Free media does not need to be in an article to avoid deletion.
We need to be careful not to put free media ahead of
the other free content.
We put it considerable behind.
No; we strongly prefer free media, and have a project dedicated to
cultivating it.
We do not tolerate unfree text to any significant extent. We do
tolerate a level of unfree media. Thus we put free media behind other
content.
We accept
copyright as is. The GFDL doesn't really work otherwise.
Right, nobody who is well informed in this debate is against
copyright; we all know that it underpins our daily contributions.
Most of us have been around long enough to intimately understand the
basis, motivations and long term effects of different copyleft
strategies. The debate here is similar to the nature of the "open
source" vs "free software" debate, only in this case it is "fair
use/dealing is a human right" vs "free content".
That would suggest that I accept that "human rights" have some kind of
real existance beyond people's power to enforce them. I do not.
By qualifying and using them appropriately, we strengthen the ability
and resolve of the wider public to keep fair-use alive. This in turn
keeps copyright laws in check and ensures that copyright holders know
that if they want to control all access, they should keep their works
out of the public eye.
US with fair use recently extended copyright through the Sonny Bono
Copyright Term Extension Act. The UK without fair use appears to be
rejecting any further extension of copyright.
In any case wikipedia is not interested in political campaigning.
If you want to bolster fair use join the EFF.
We do not have
the ability to only block people from uploading.
Software can change.
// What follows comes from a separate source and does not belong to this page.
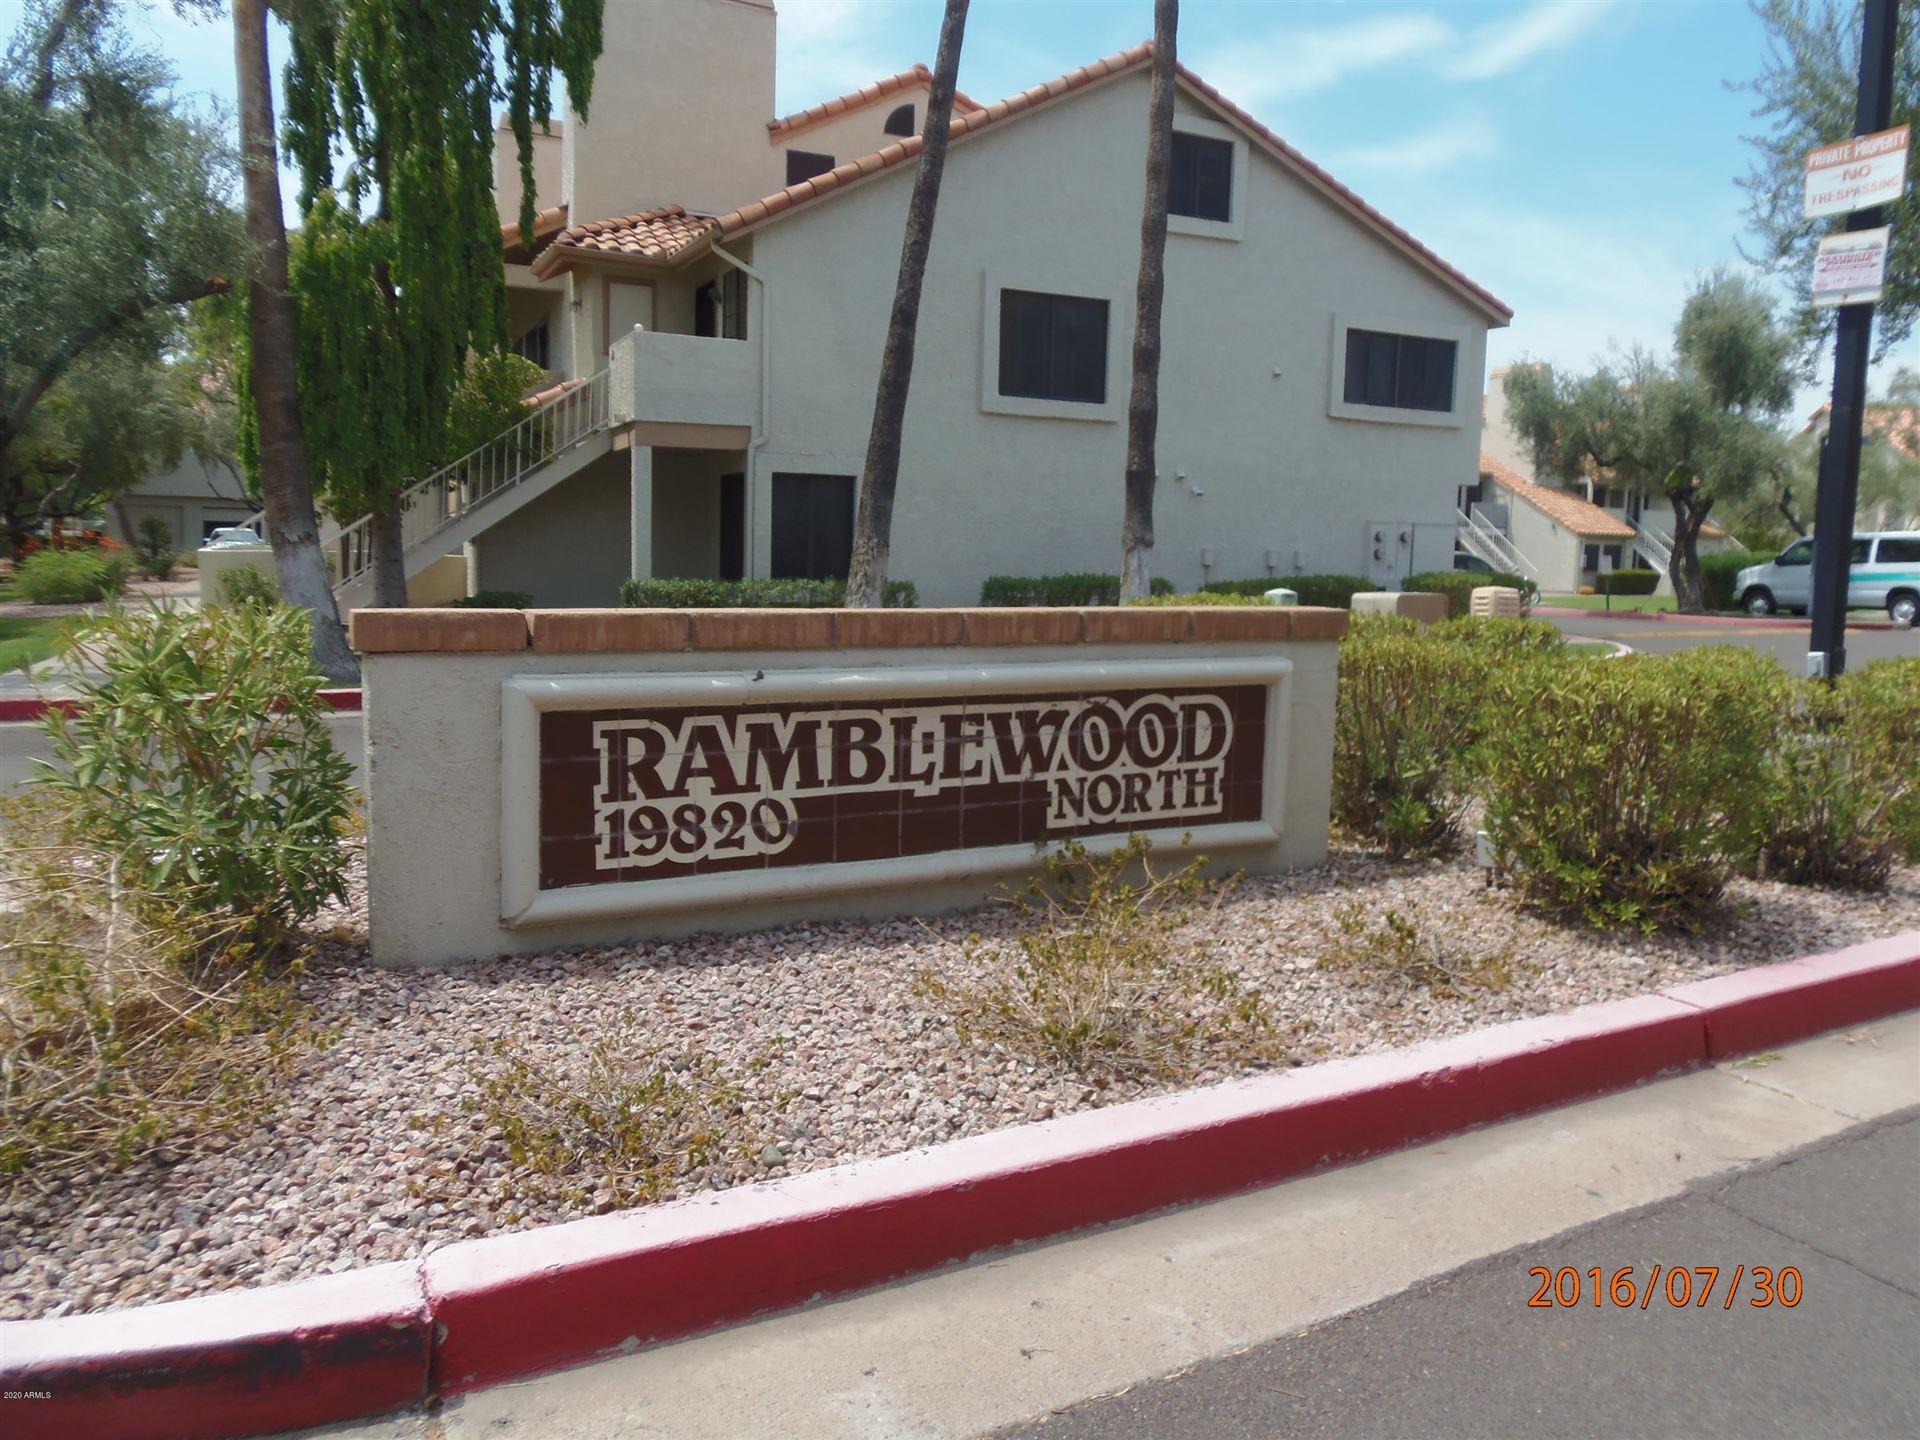 19820 N 13TH Avenue #263, Phoenix, AZ 85027 - #: 6087000

What limitations on uploading would you like to
see in the software?
Experence suggests that if your solution to a problem requires a
software change you are wasting your time unless the problem causes
mediawiki to crash.
Strong opinions from motivated individuals are not
avoidable.
Actually the current system is pretty good at dealing with that.
Deleting images before they notice only results in
churn and
resentment.
I can live with that.
It is better that they are aware of new images as
they
are uploaded, and are forced to pick and choose.
Who is this they?
Also if new images
are seen by more eyes on upload, and they are tied to a specific
article, we can strengthen the image CSD to allow deletion of
unjustified fair-use on sight rather than wait seven days.
It doesn't matter how many eyes you have. One admin with fast
reactions can make all other eyes meaningless. No the 7 days is there
for a reason.
So people
upload it twice under different names.
This is a lesser evil that can be discouraged, identified easily and
fixed with no harm done.
You really feel like explaining to a new user why the pic is perfectly
okey on one article but we are deleting the second image even though
it has a legit fair use case?
At least the current system is internally consistent.